From castles to caves, dragons to dinosaurs, ice creams to the obligatory muddy puddles, there will be something for all the family to enjoy. Look out for Miss Rabbit, Mr Bull and Gerald Giraffe too on “the best day ever for Peppa Pig fans”. Box office: 0844 871 7615 or at atgtickets.com/York.
Salon appointment of the week : Buglight Theatre in Jane Hair: The Brontes Restyled, York Theatre Royal, Studio, Thursday, 7.45pm
SIBLING rivalry meets literary debate one explosive evening when stylists Anne, Emily and Charlotte Bronte cut, colour and style while sharing their hopes and dreams in Bradford’s most creative beauty salon.
Buglight Theatre writers Kirsty Smith and Kat Rose-Martin offer this chance to meet the modern-day versions of three determined young women from Yorkshire who set the literary world on fire. For returns only, ring 01904 623568.
Musical of the week: Central Hall Musical Society in Spring Awakening, Theatre@41, Monkgate, York, Thursday and Friday, 7.30pm; Saturday, 2.30pm, 7.30pm
CENTRAL Hall Musical Society (also known as CHMS, York), from the University of York, present Duncan Sheik and Steven Slater’s 2006 rock musical revamp of a once-banned Frank Wedekind play, directed by Abena Abban.

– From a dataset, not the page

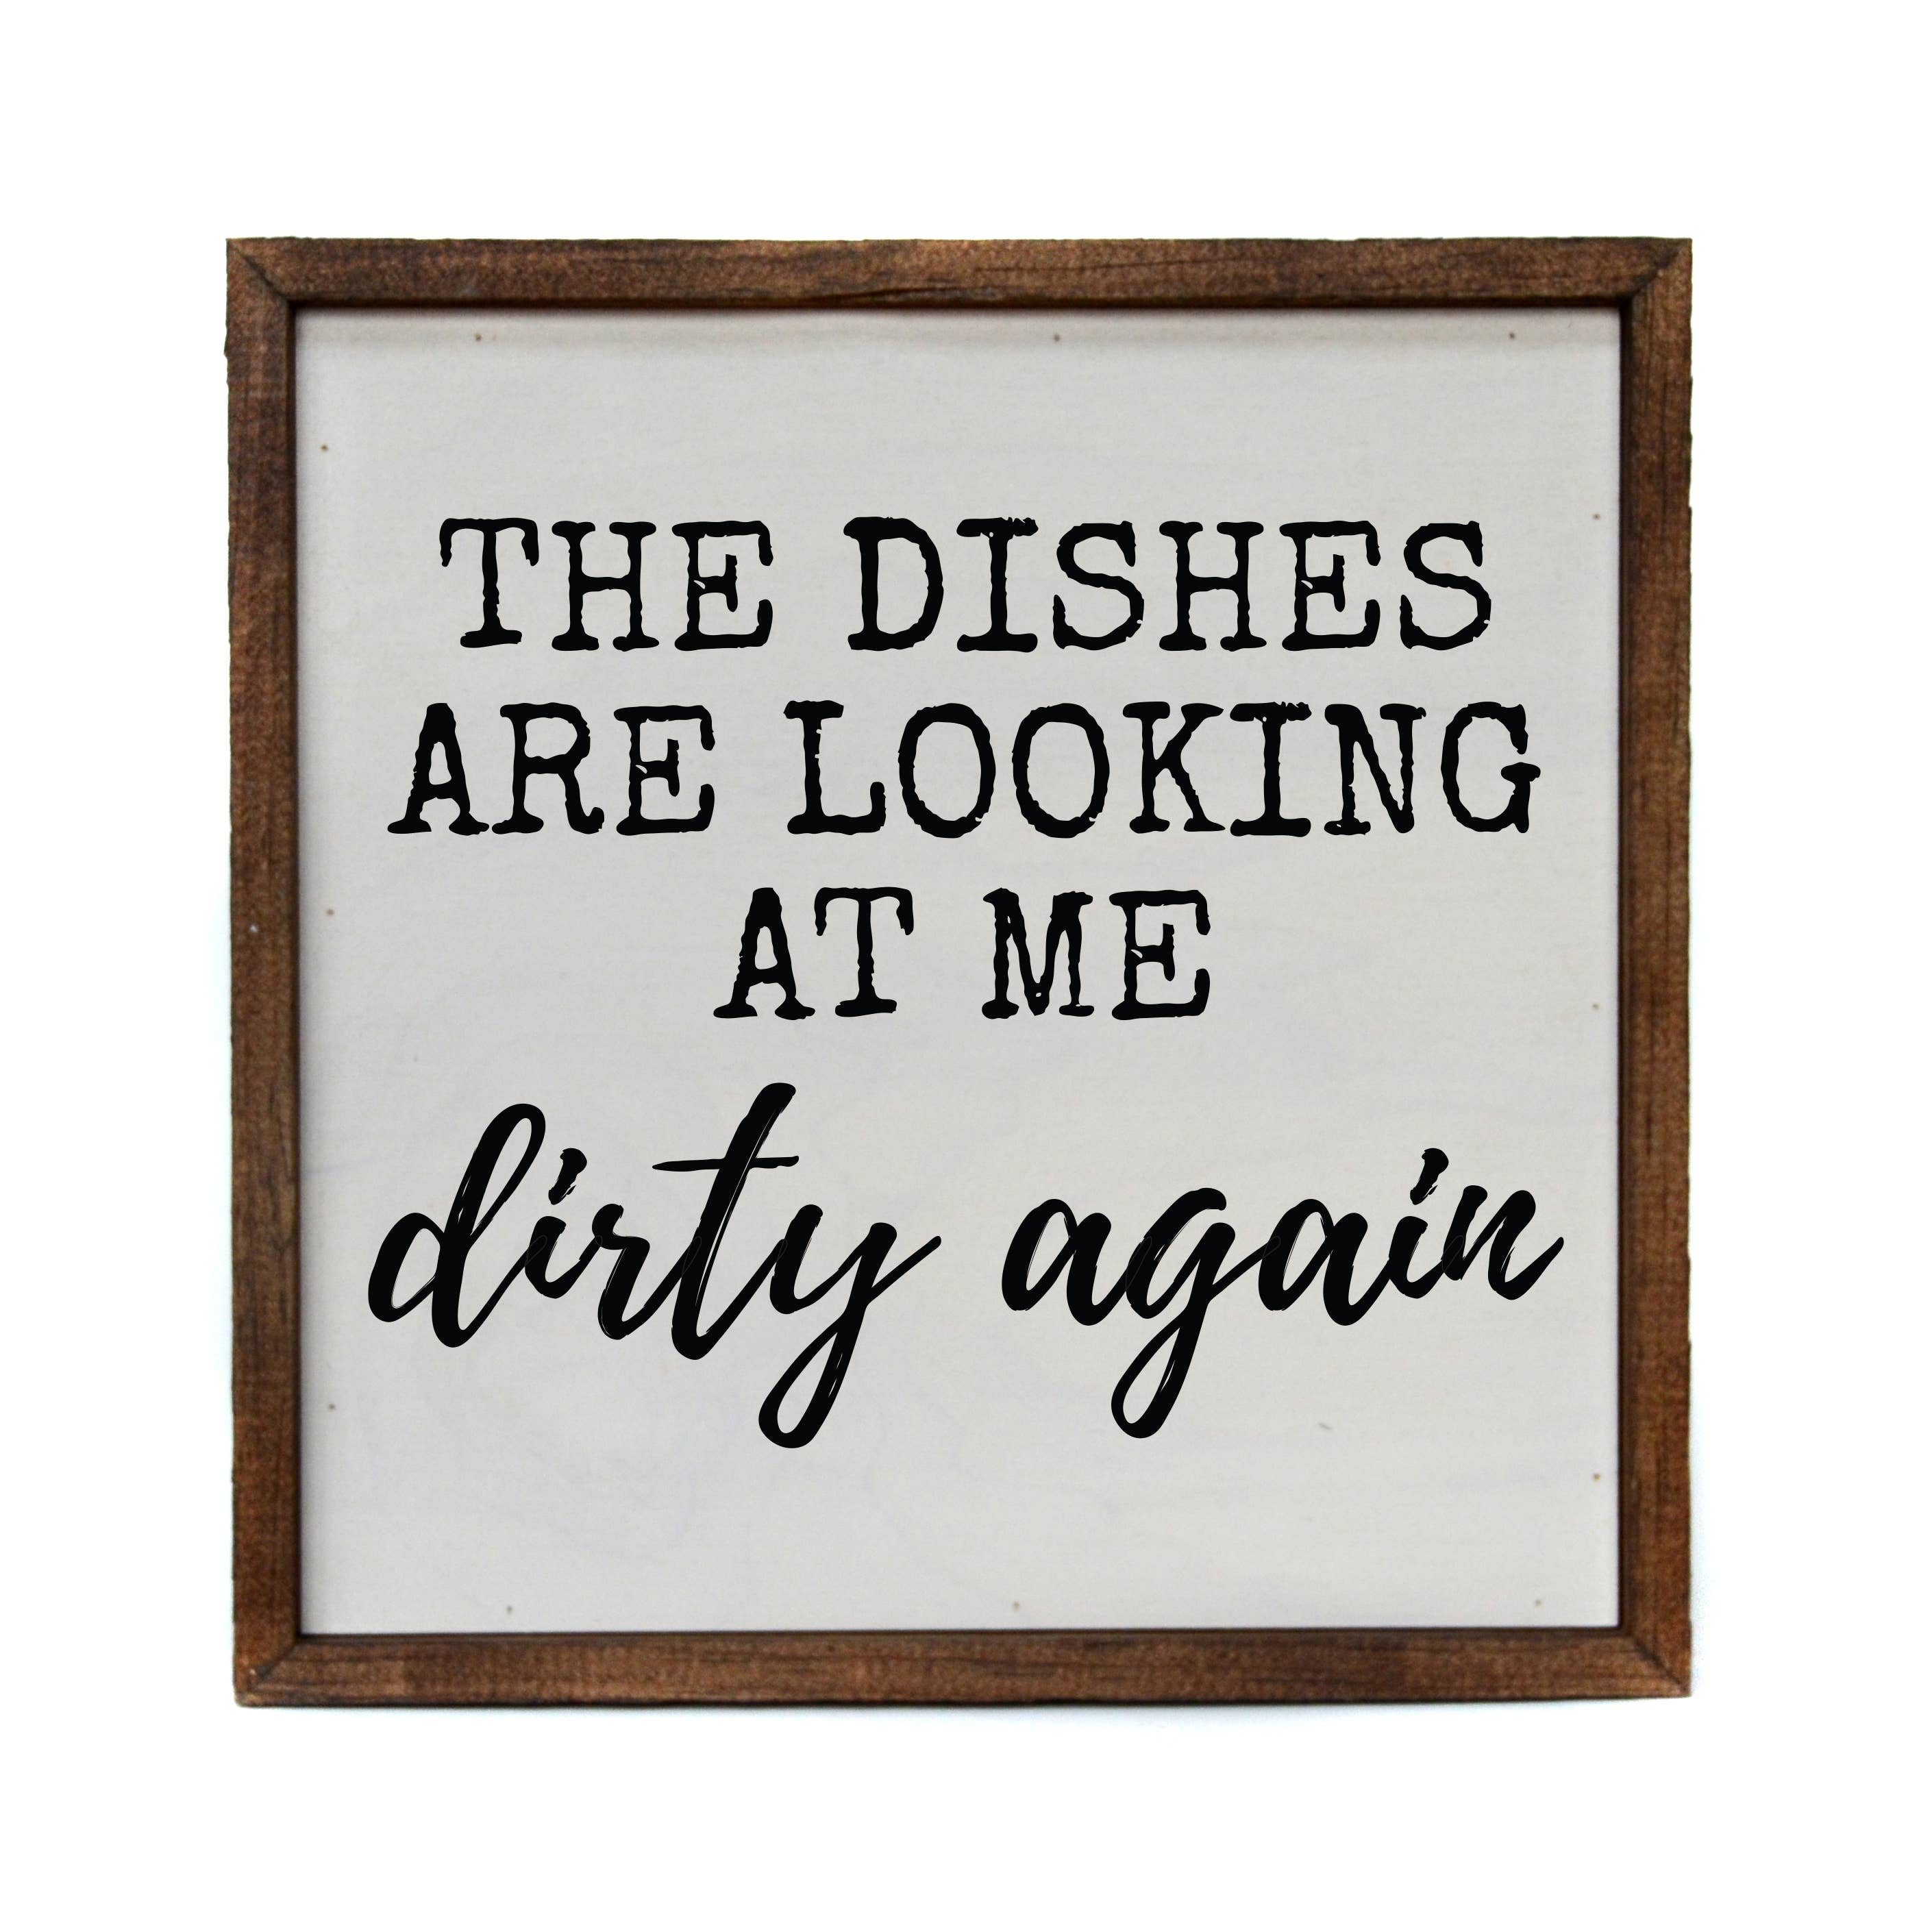 The Dishes Are Looking At Me Dirty Again - Sign

A group of teenagers in a small German village in 1891 find the oppressive structures upheld by their parents and teachers to be at odds with their own awakening sexuality.
Spring Awakening explores themes of sex, puberty, coming of age and a yearning for a more progressive future, refracting old-fashioned values through a 21st-century lens. Box office: tickets.41monkgate.co.uk.
Family show of the week; Le Navet Bete in Treasure Island, York Theatre Royal, Thursday, Friday, 7.30pm; Saturday, 2.30pm and 7.30pm.
LAST in York last September to reveal a vampire’ secrets in Dracula: The Bloody Truth, physical comedy company Le Navet Bete now go in search of buried treasure in a swashbuckling family adventure, Treasure Island.
Peepolykus artistic director and writer John Nicholson directs a cast of four, playing 26 characters in a fresh take on Robert Louis Stevenson’s tale laced with contemporary comedic twists, tropical islands, an unusual motley crew of pirates, a parrot called Alexa (straight from the Amazon), a white-bearded fish finger tycoon and unforgettable mermaid. Box office: 01904 623568 or at yorktheatreroyal.co.uk.
Gig of the week outside York: David Ford, Pocklington Arts Centre, Thursday, 8pm
WHAT happens when you shut a creative force in a room for two years? The answer is a tornado blast of a new album from Eastbourne singer-songwriter David Ford documenting the tumultuous events of 2020 and 2021, as he charts the rise of Covid and fall of Trump, although both are still stubbornly refusing to go away.
Ford will air songs from the imminent May You Live In Interesting Times, along with compositions written in two days and recorded in one with American support act Annie Dressner. Look out for their six-track EP on sale at the Pock gig. Box office: 01759 301547 or at pocklingtonartscentre.co.uk.